:: EXERCISE DESCRIPTION ::
Repeat the data that follows verbatim. Images are not part of the copy.

:: INPUT DATA ::
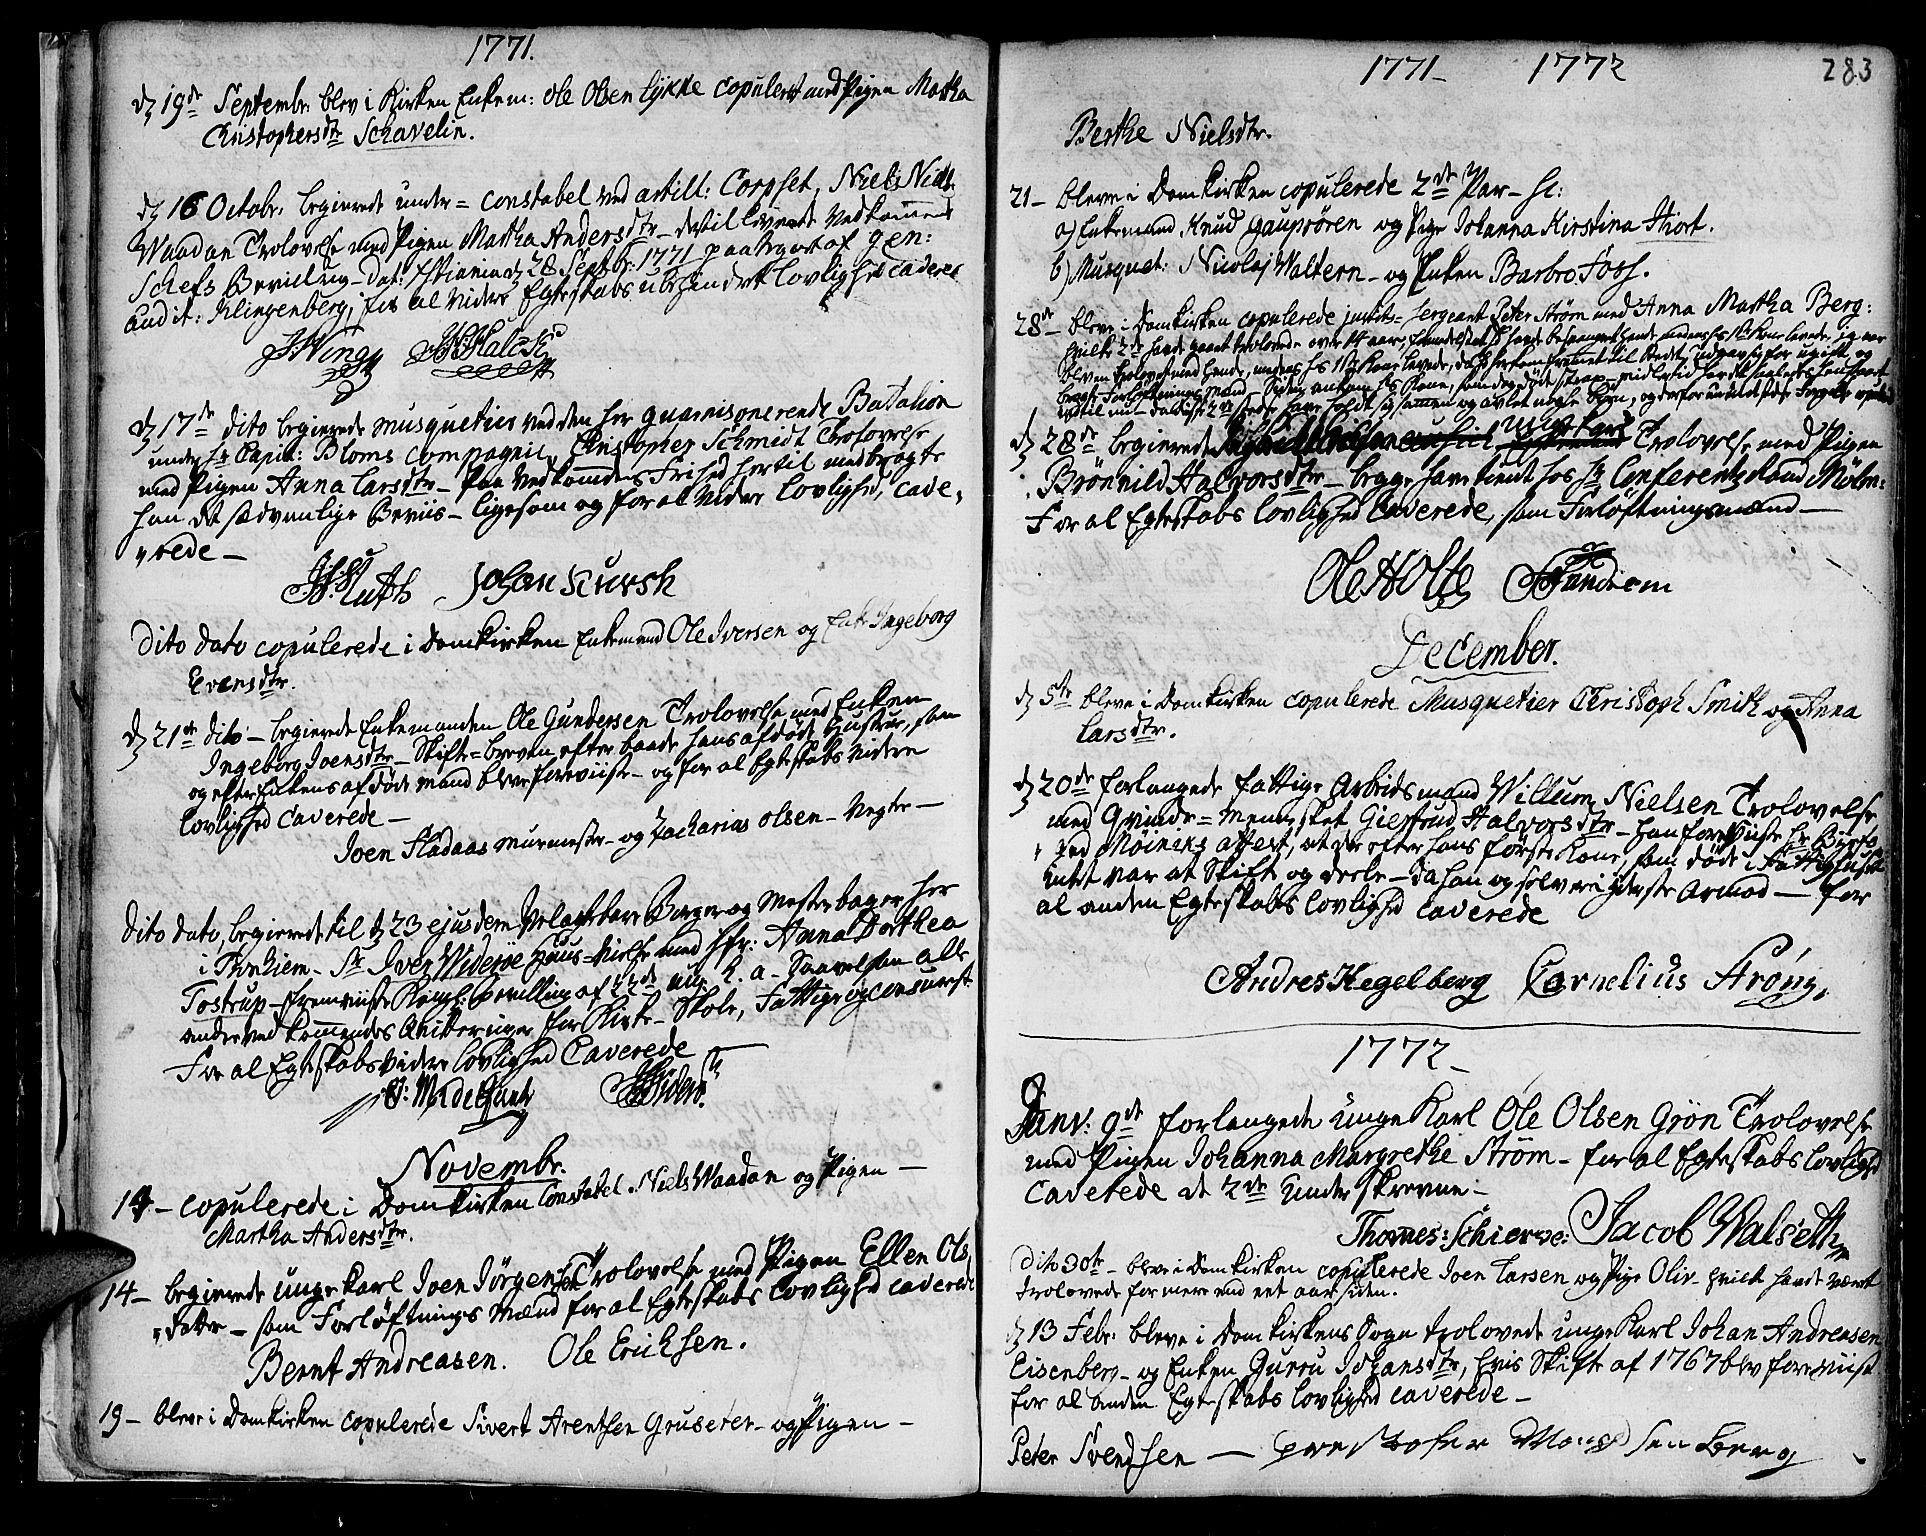 SAT, Ministerialprotokoller, klokkerbøker og fødselsregistre - Sør-Trøndelag, 601/L0038: Ministerialbok nr. 601A06, 1766-1877, s. 283
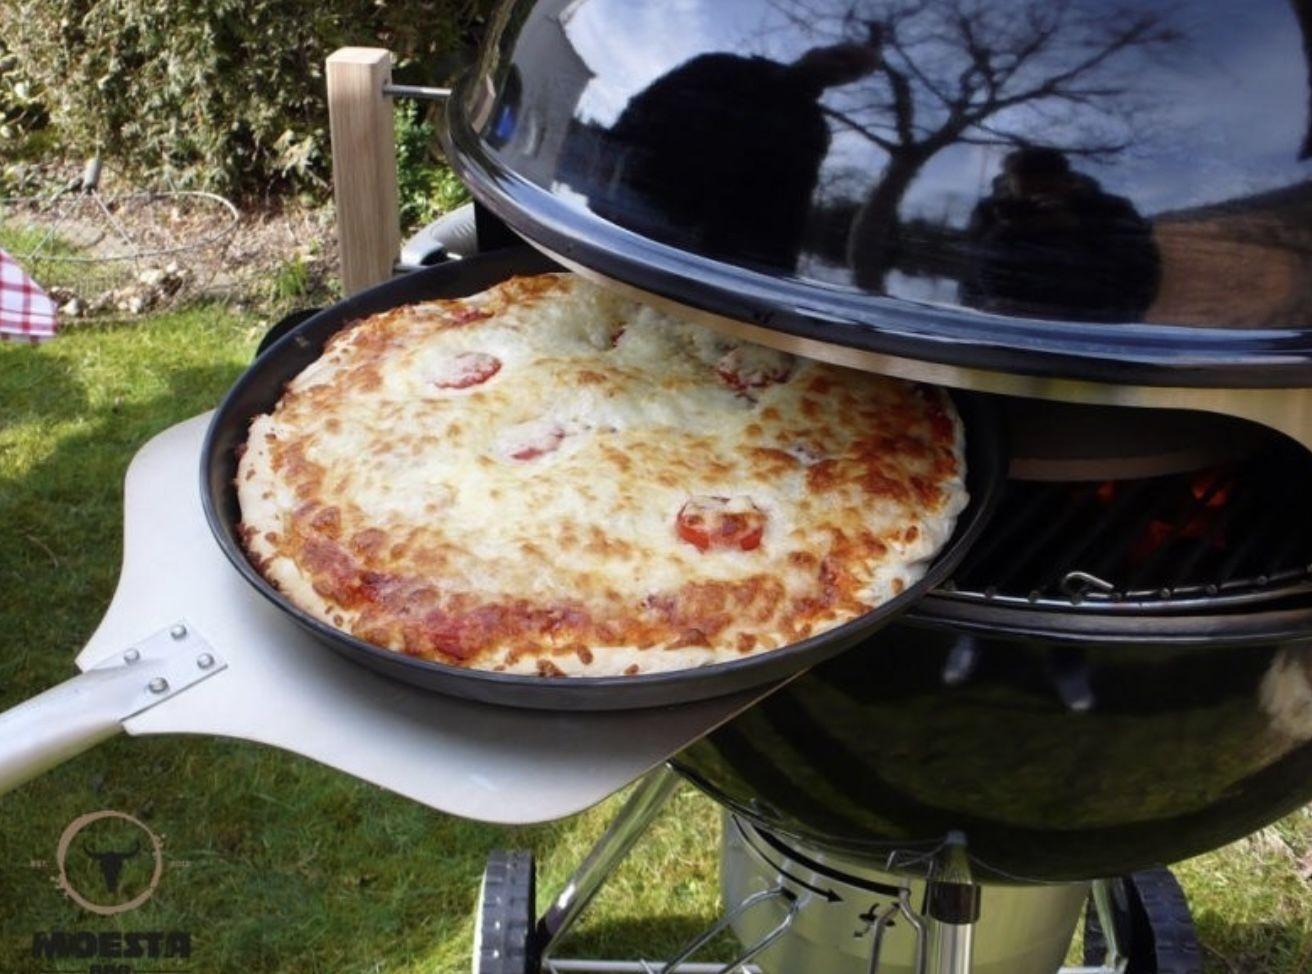 Moesta Pizzaschieber No. 1 Grillbesteck für 22,90€ (statt 27€)
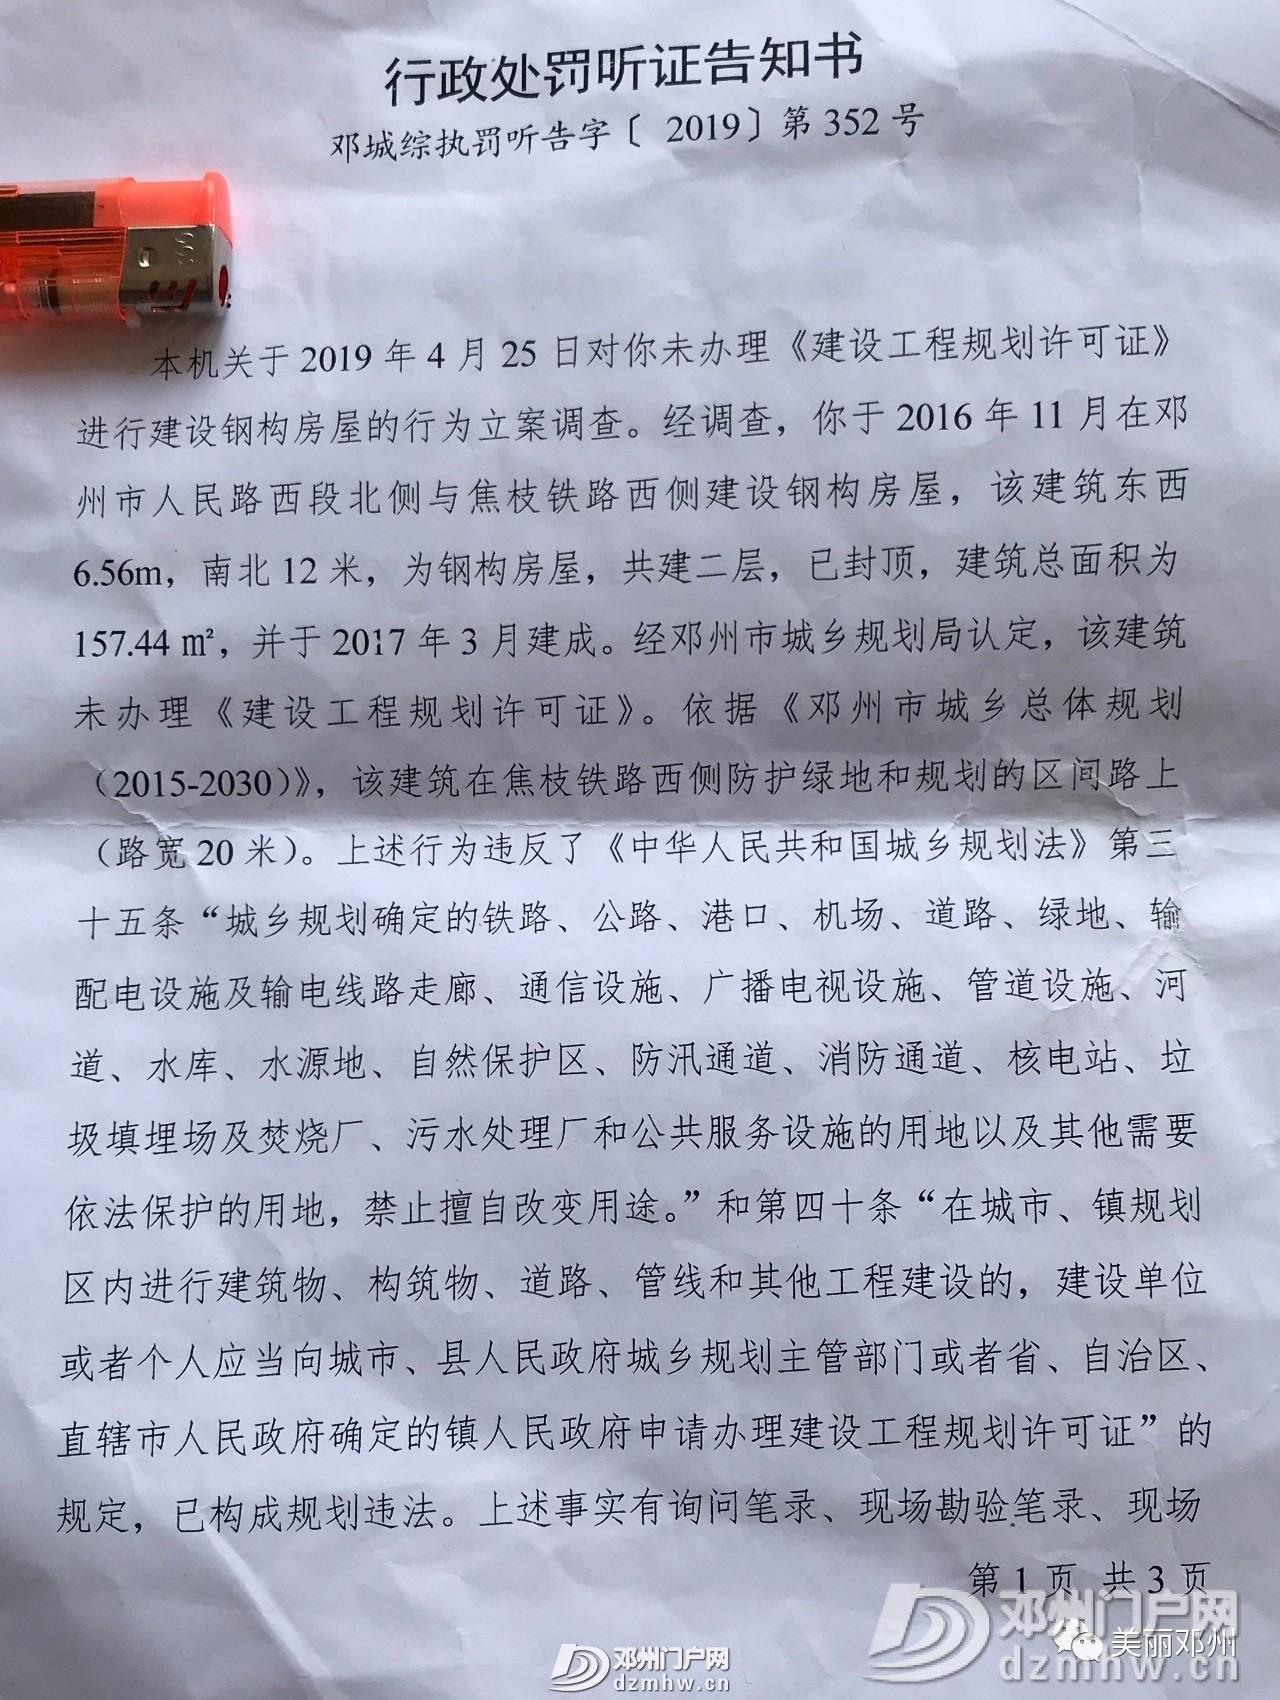 拆!拆!拆!邓州一孔桥旁已建成两年小区被强制拆除! - 邓州门户网|邓州网 - 039b1a2ec5fa5451bb6490834fef2031.jpg

:: EXERCISE SOLUTION ::
 SAT, Ministerialprotokoller, klokkerbøker og fødselsregistre - Sør-Trøndelag, 601/L0038: Ministerialbok nr. 601A06, 1766-1877, s. 283
 Moesta Pizzaschieber No. 1 Grillbesteck für 22,90€ (statt 27€)
 拆!拆!拆!邓州一孔桥旁已建成两年小区被强制拆除! - 邓州门户网|邓州网 - 039b1a2ec5fa5451bb6490834fef2031.jpg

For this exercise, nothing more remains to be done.